In part, my belief that Western opinion on how far to go in supporting Ukraine and opposing/punishing Russia could prove variable is based on the belief that Ukrainian President Zelensky is wearing out his welcome mat in Western capitals. After a week of public diplomacy that saw Zelensky scolding Western leaders for not doing more, he took his message to Israel where he likened Ukraine’s experience to the Holocaust (much to the Israeli government’s chagrin) before insinuating that Israel might not be a neutral mediator in ceasefire talks; and then demanded Japan add still more sanctions.

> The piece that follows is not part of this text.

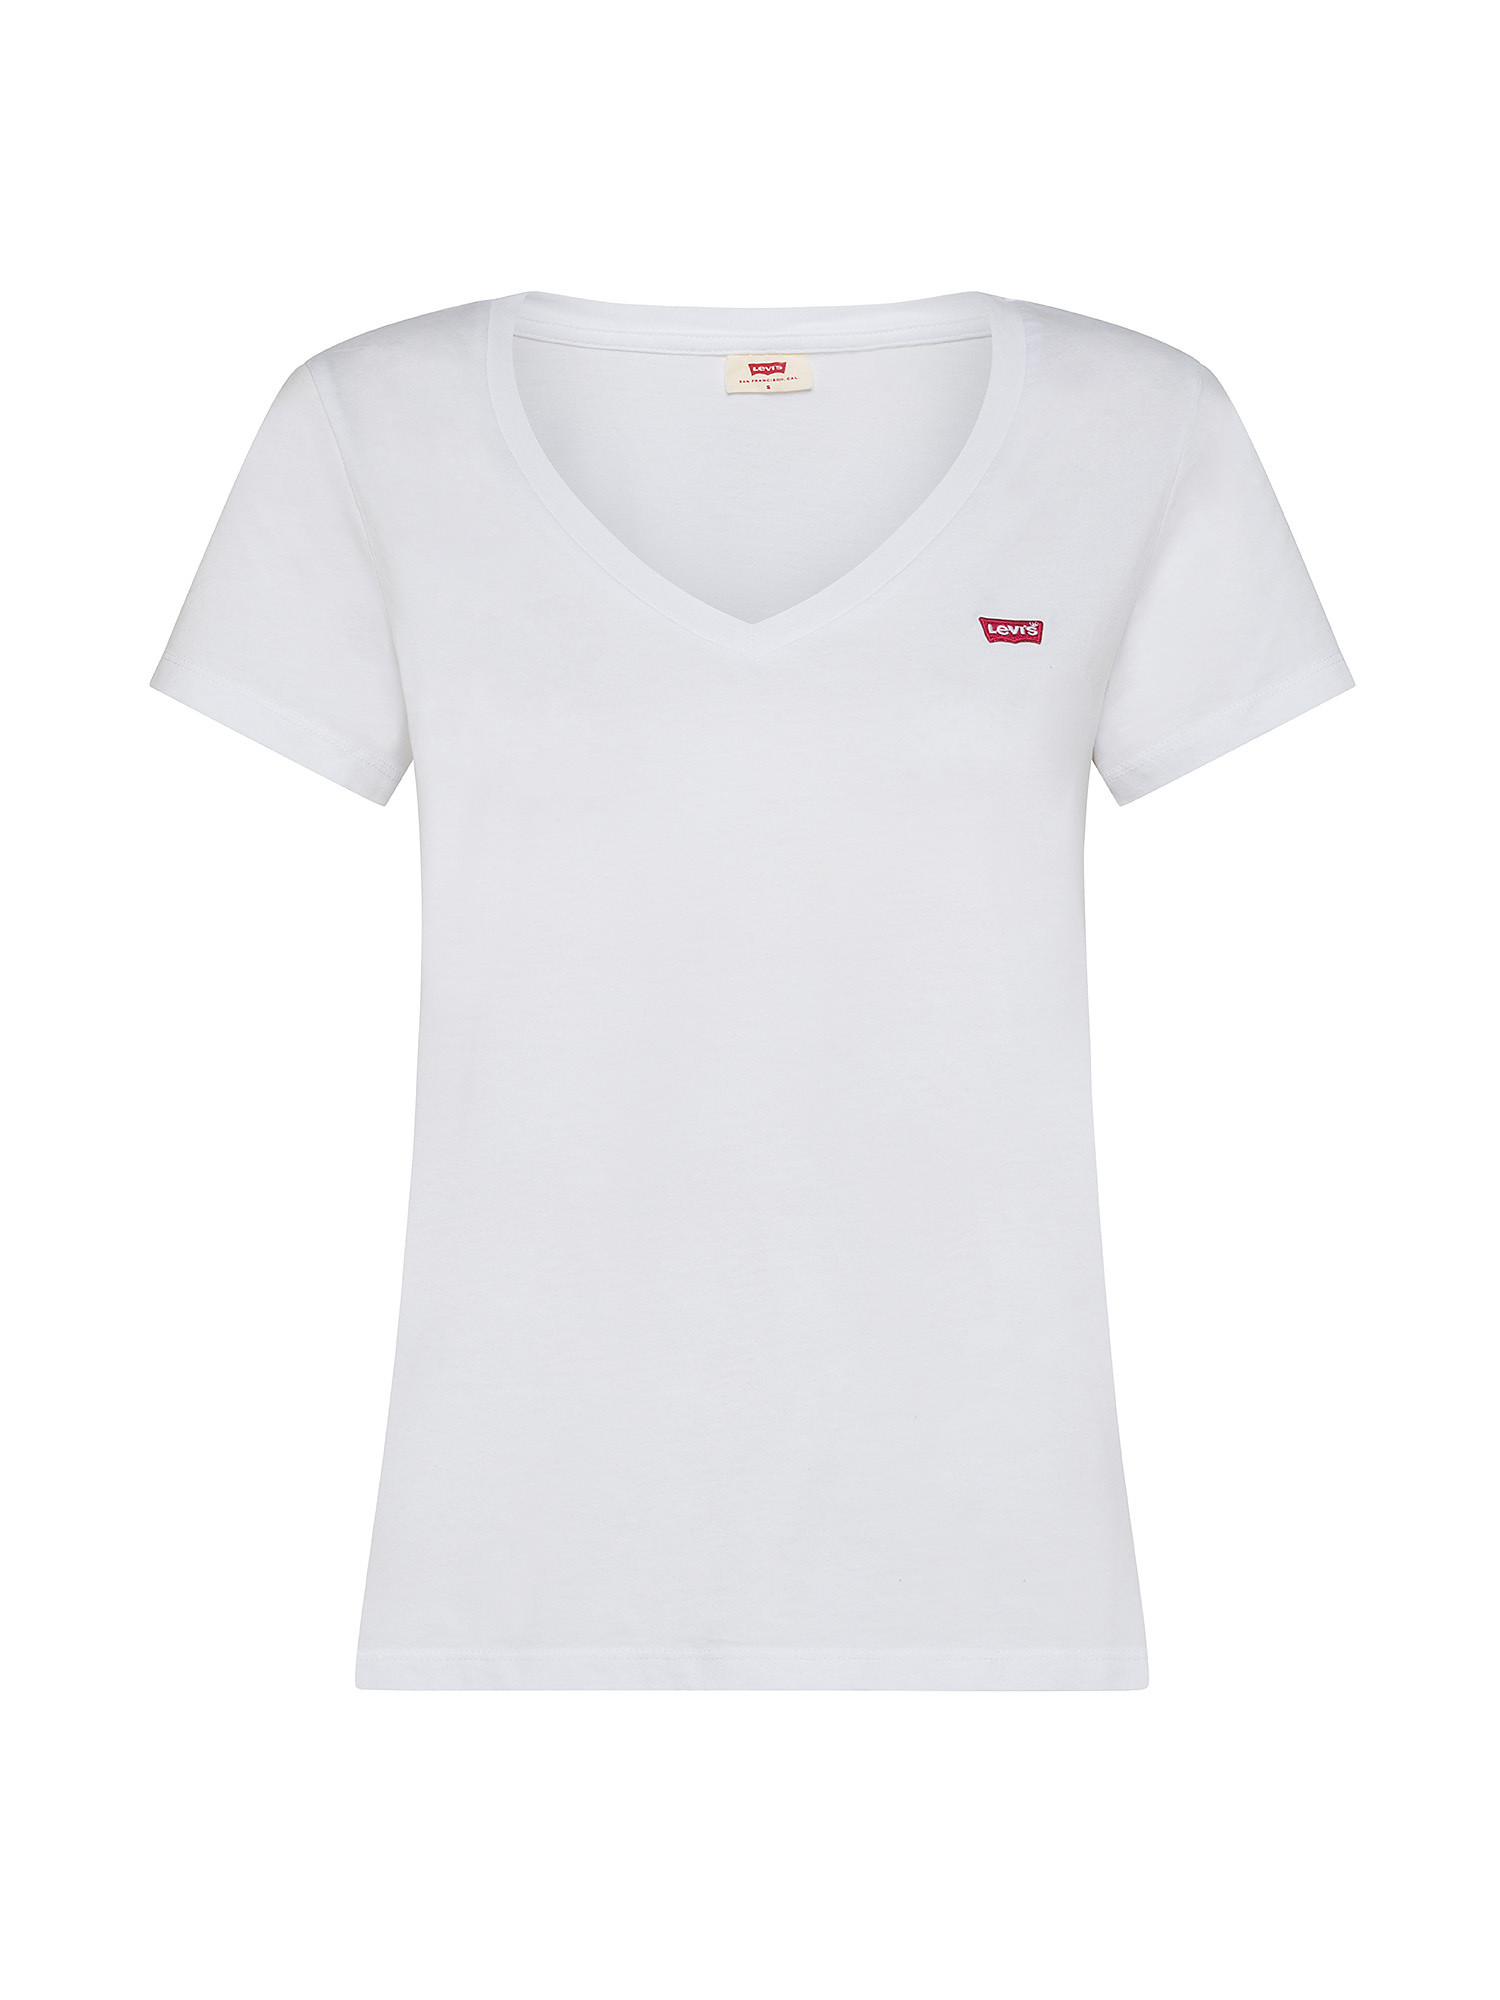 Levi's - T-shirt con logo e scollo a v, Bianco, large image number 0

This week, Zelensky appealed directly to the populations of the world to hit the streets demonstrating in support of Ukraine, apparently to force leaders to get even tougher with Russia. That kind of forceful intervention in the domestic politics of other countries is rather a big no-no in diplomacy, but as the old saw goes, “the squeaky wheel gets the grease,” and that seems to be Zelensky’s play here. To be fair to him, he’s in the fight of his life and at risk of death almost daily, so we could cut him some slack for ignoring the niceties of diplomacy. However, there’s another old saying: “Don’t bite the hand that feeds you.” Zelensky cannot keep browbeating Western countries for more aid and weapons expecting evermore increases. There’s one glaring hole in the intelligence space right now: We don’t know the true state of Ukraine’s fighting forces. We’re very aware of the heavy losses the Russians are taking, and the heavy civilian losses, but of Ukrainian military losses and fighting effectiveness we know very little. That’s good information control on Ukraine’s part, but it also means our decision makers are flying a little blind when it comes to sending aid.